[plt-scheme] Lazy evaluation and tail calls
> There is an important difference between normal order and lazy order. But
> let's assume you really mean lazy order.
>
> In normal order ((lambda (x) (cons x x)) (begin (write 'foo) 'foo)) writes
> `foo' twice, in lazy order once only. You might check for that.
>
At the moment, it's lazy. In the above expression, x would be assigned the
expression "(begin (write 'foo) 'foo)" (rather than the value of the
expression), in the appropriate binding. My bound expressions are memoized
so the expression is only evalled once, though if you take out the
memoization you get normal order behaviour.

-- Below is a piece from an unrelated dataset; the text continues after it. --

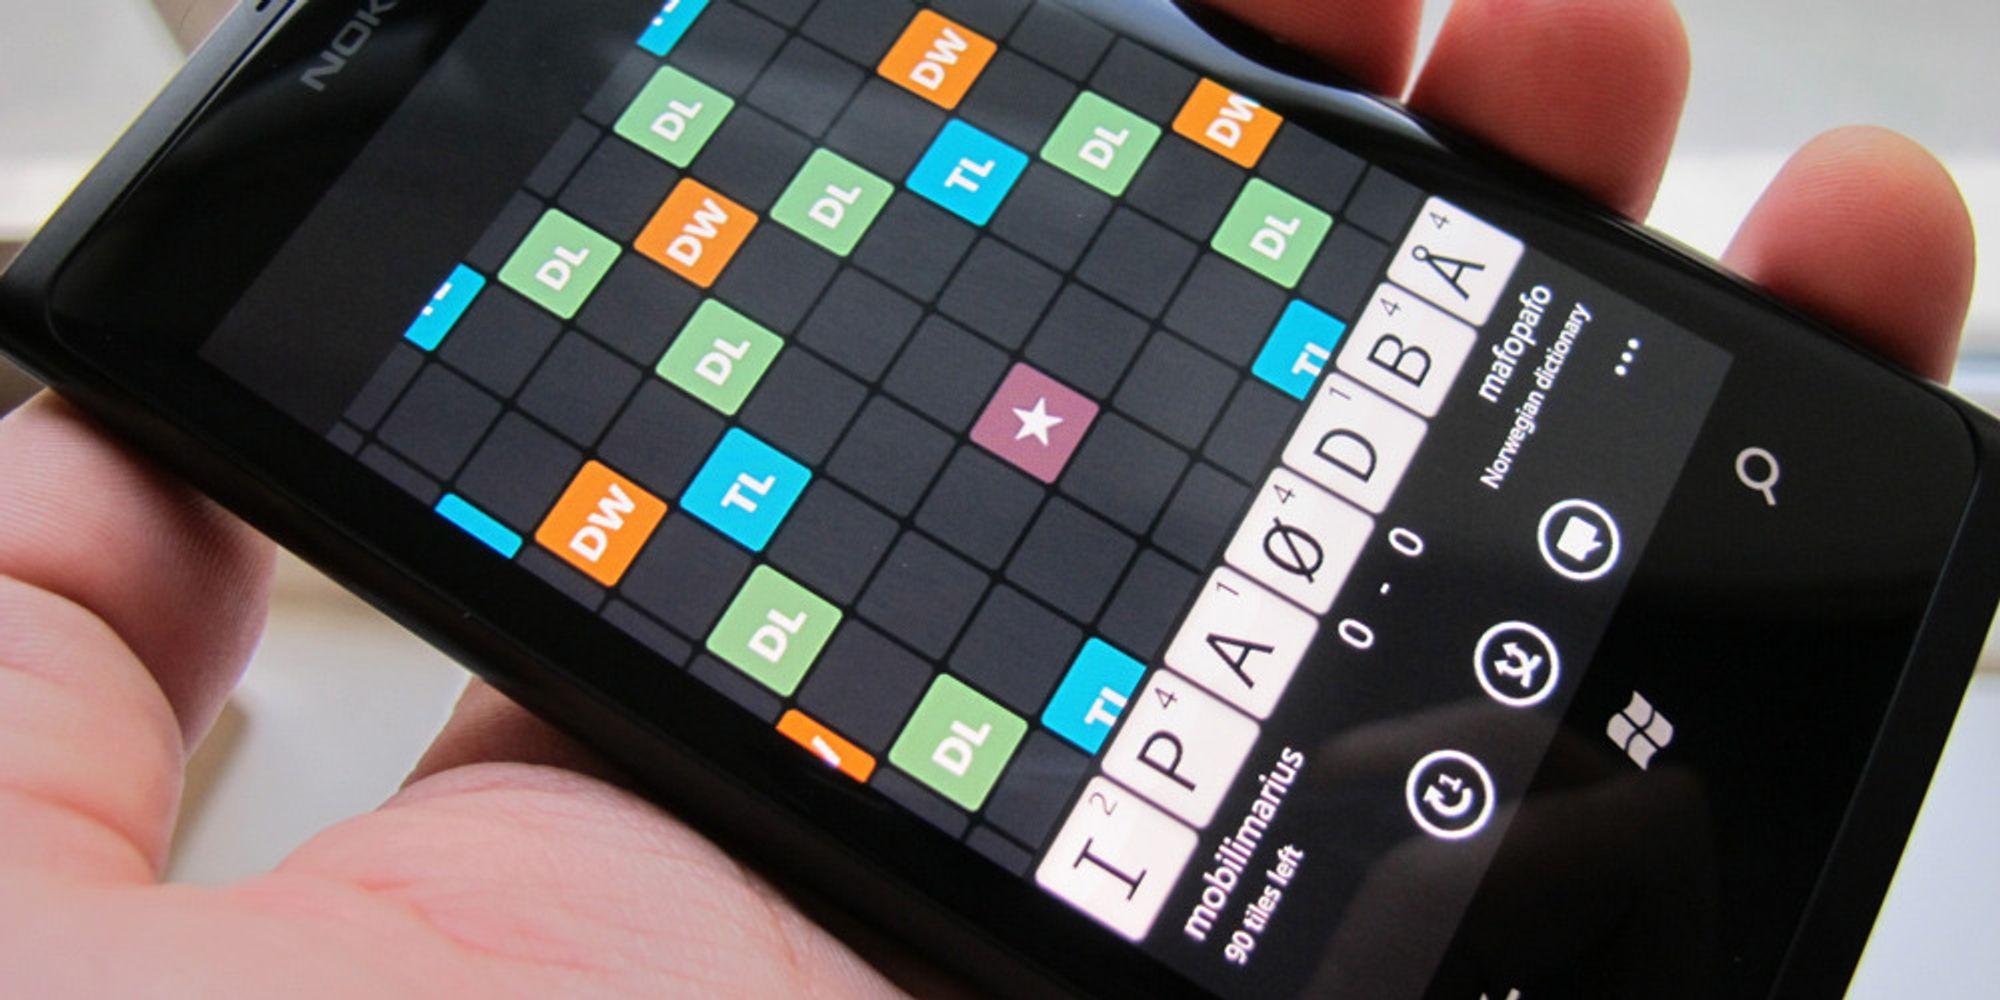 Nå får du Wordfeud på Windows Phone

Right now, I've got a very bare bones Scheme and I'm more interested in
algorithms for optimising stuff rather than tools in a specific language.
(Also I've just started learning Scheme, and while my current implementation
is in Ruby I imagine it will flesh out so I can do more stuff in Scheme
directly.) My runtime just lets you start it up in lazy or eager mode;
there's no provision in the language itself for delaying execution.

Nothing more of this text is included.